38, Russell Square, W.C.1.

Wednesday 24 October, 1956

Sir,
In the year which has passed since October 1, 1955, when you printed an article entitled “An Archive of Recorded Sound: Source Material for History,” the collection of “short-playing” records in the possession of the British Institute of Recorded Sound Limited – a non-profit-making voluntary body assisted by the Arts Council, the London County Council, the Charles Henry Foyle Trust, and more recently by the Pilgrim Trust – has grown to 25,000.  Many of these records have been given by the public, who have, however, provided few of the modern type of “long-playing” record.

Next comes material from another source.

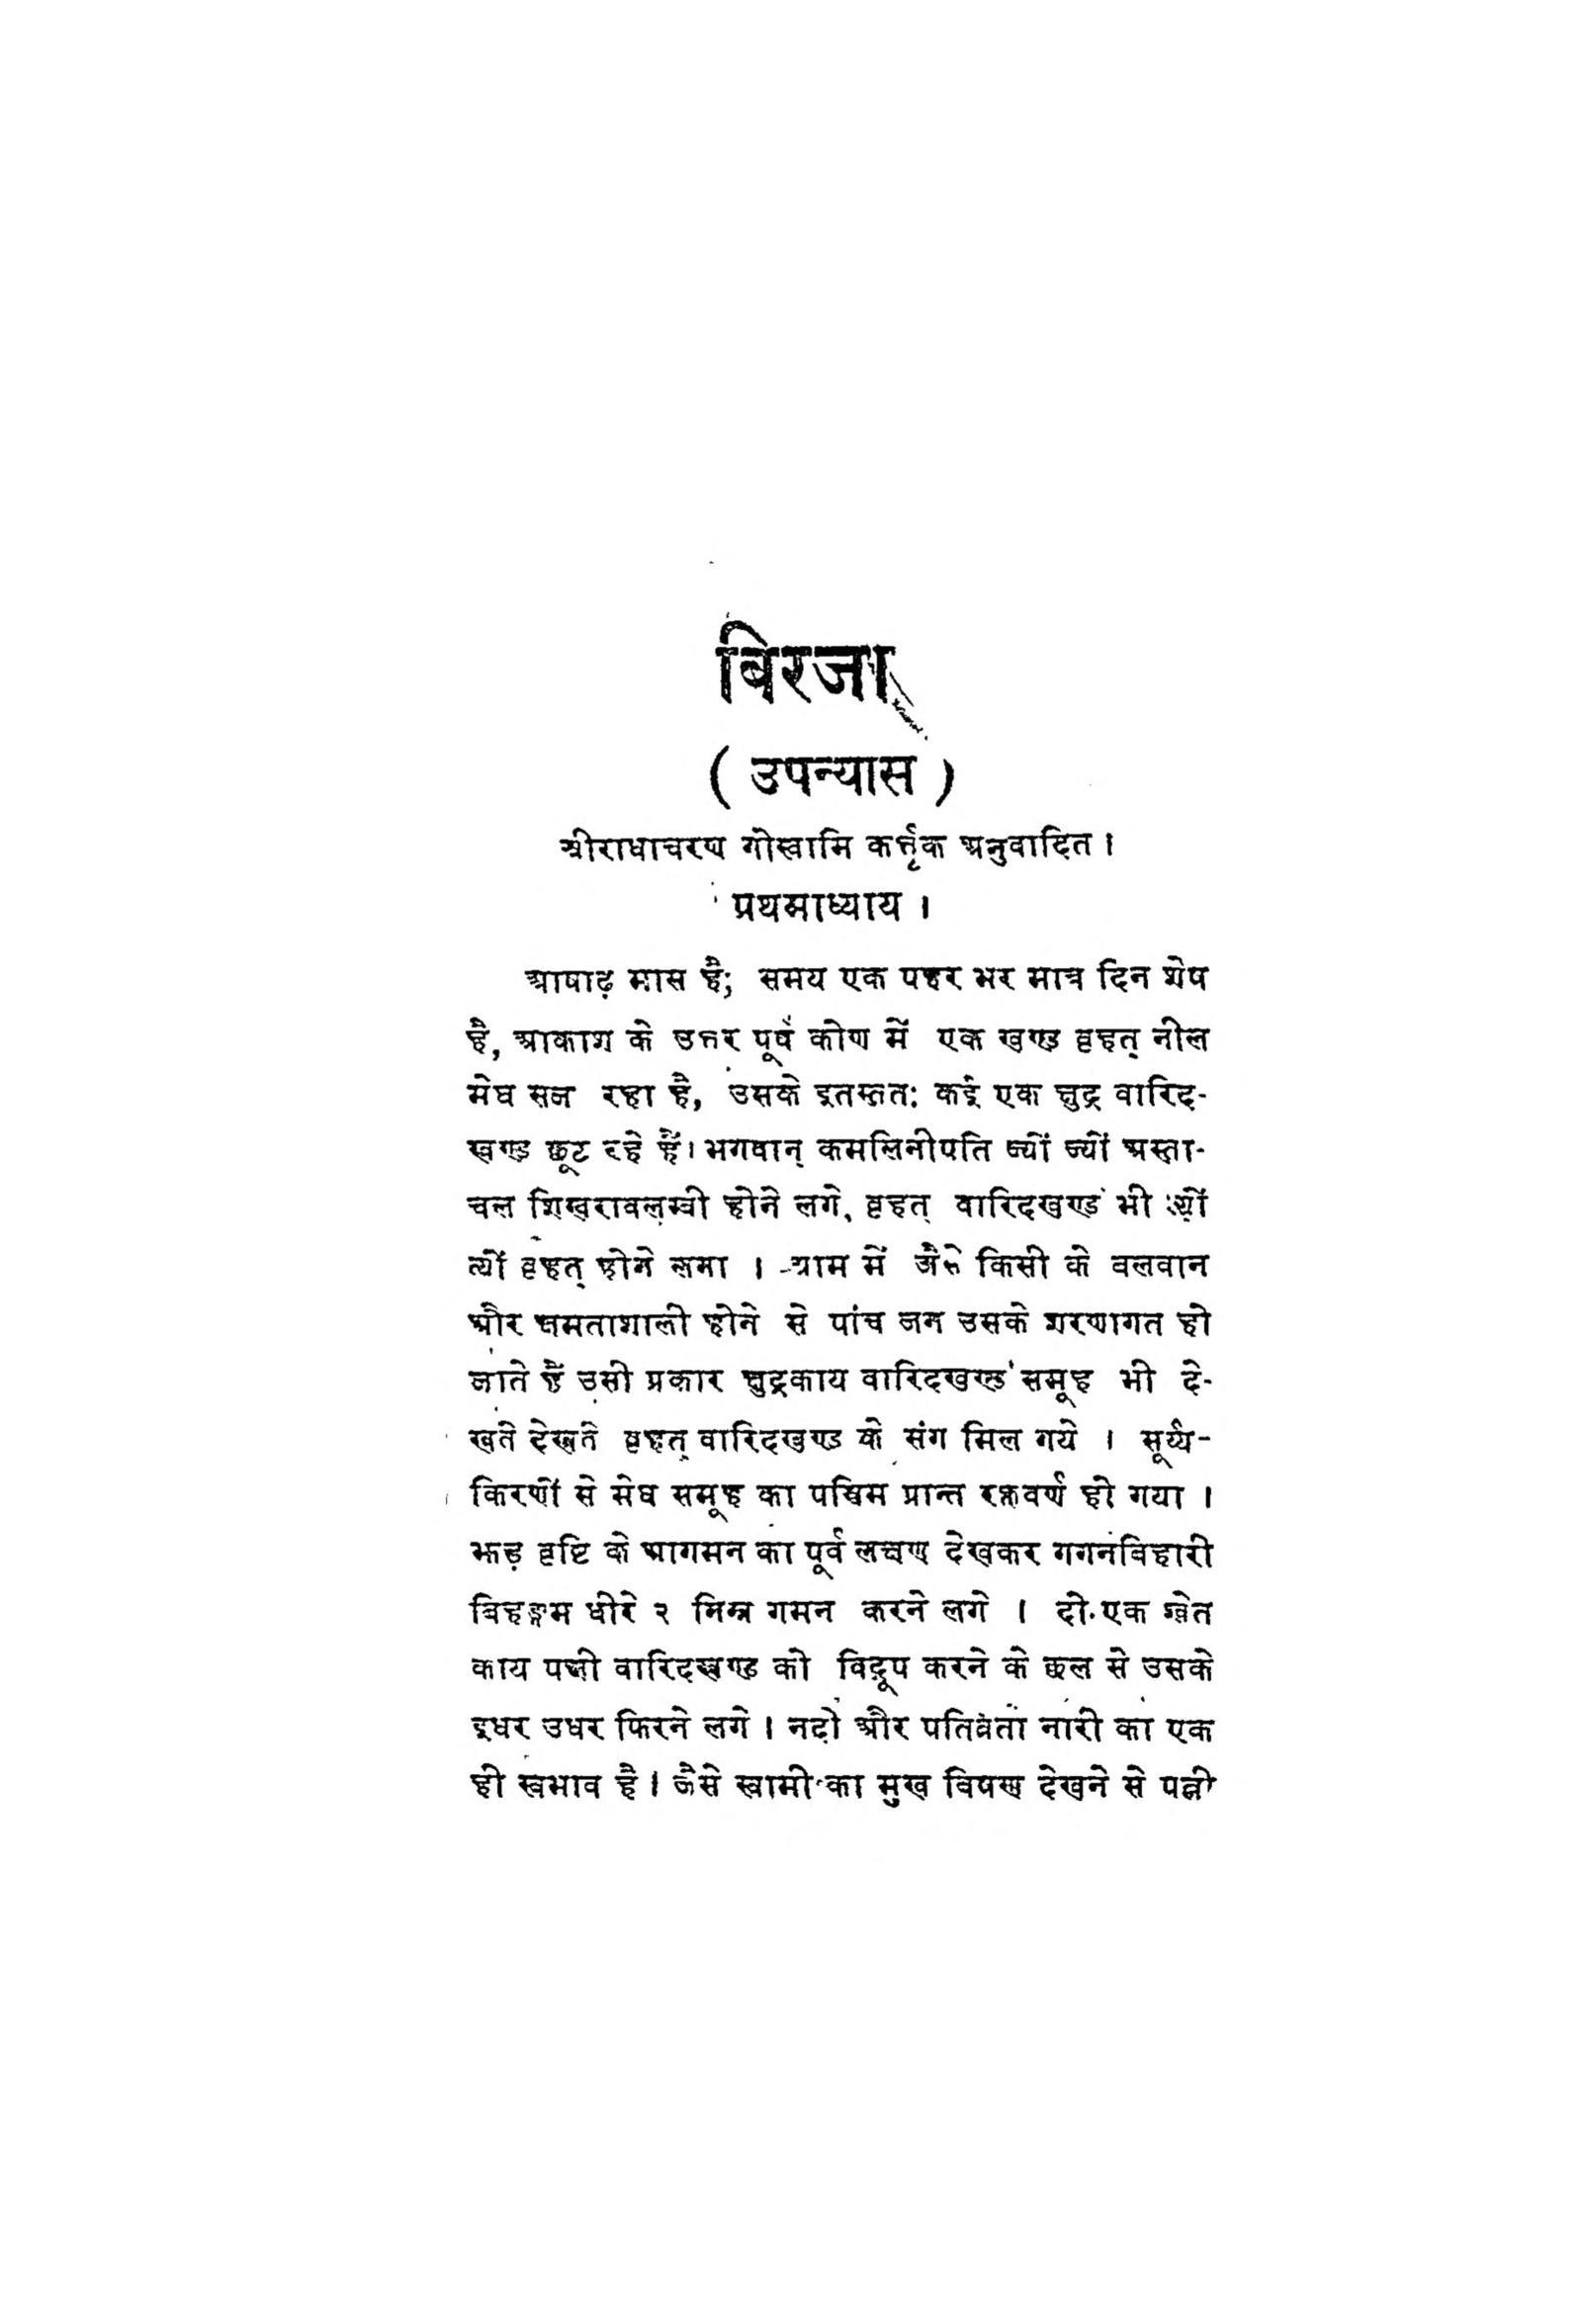 Birja  by राधाचरण गोस्वामी - Radhacharan Goswami

The means of keeping this national collection – for that is what it was established to be – abreast of current publications does not at present exist: but Parliament has an opportunity during the third reading of the Copyright Bill of considering an amendment which would make obligatory the deposit of two copies of selected records in the British Museum – which it is suggested would have the power to transfer the records to the institute to conserve and make accessible.  (Similar laws for records have been in force for many years in France and Italy, and the 1911 Copyright Act compels the deposit in the British Museum of all books and printed music published in the British Isles.)
During the committee stage the President of the Board of Trade was unable to accept the clause, but in our view statutory deposit is the only practical way of maintaining a comprehensive collection of records: many go “out of print” every year – not only classical music recorded by our greatest performers and sometimes by the composers themselves, but also folk music performed by traditional musicians; poetry recorded by the poets and our finest actors; the utterances of statesmen.
Will not posterity blame us, who to-day have the technical means, if we do not make the necessary effort to conserve this priceless heritage of speech and music?
Yours faithfully,
Ralph Vaughan Williams, Robert Robinson, Edith Evans, T.S. Eliot, C.M. Bowra.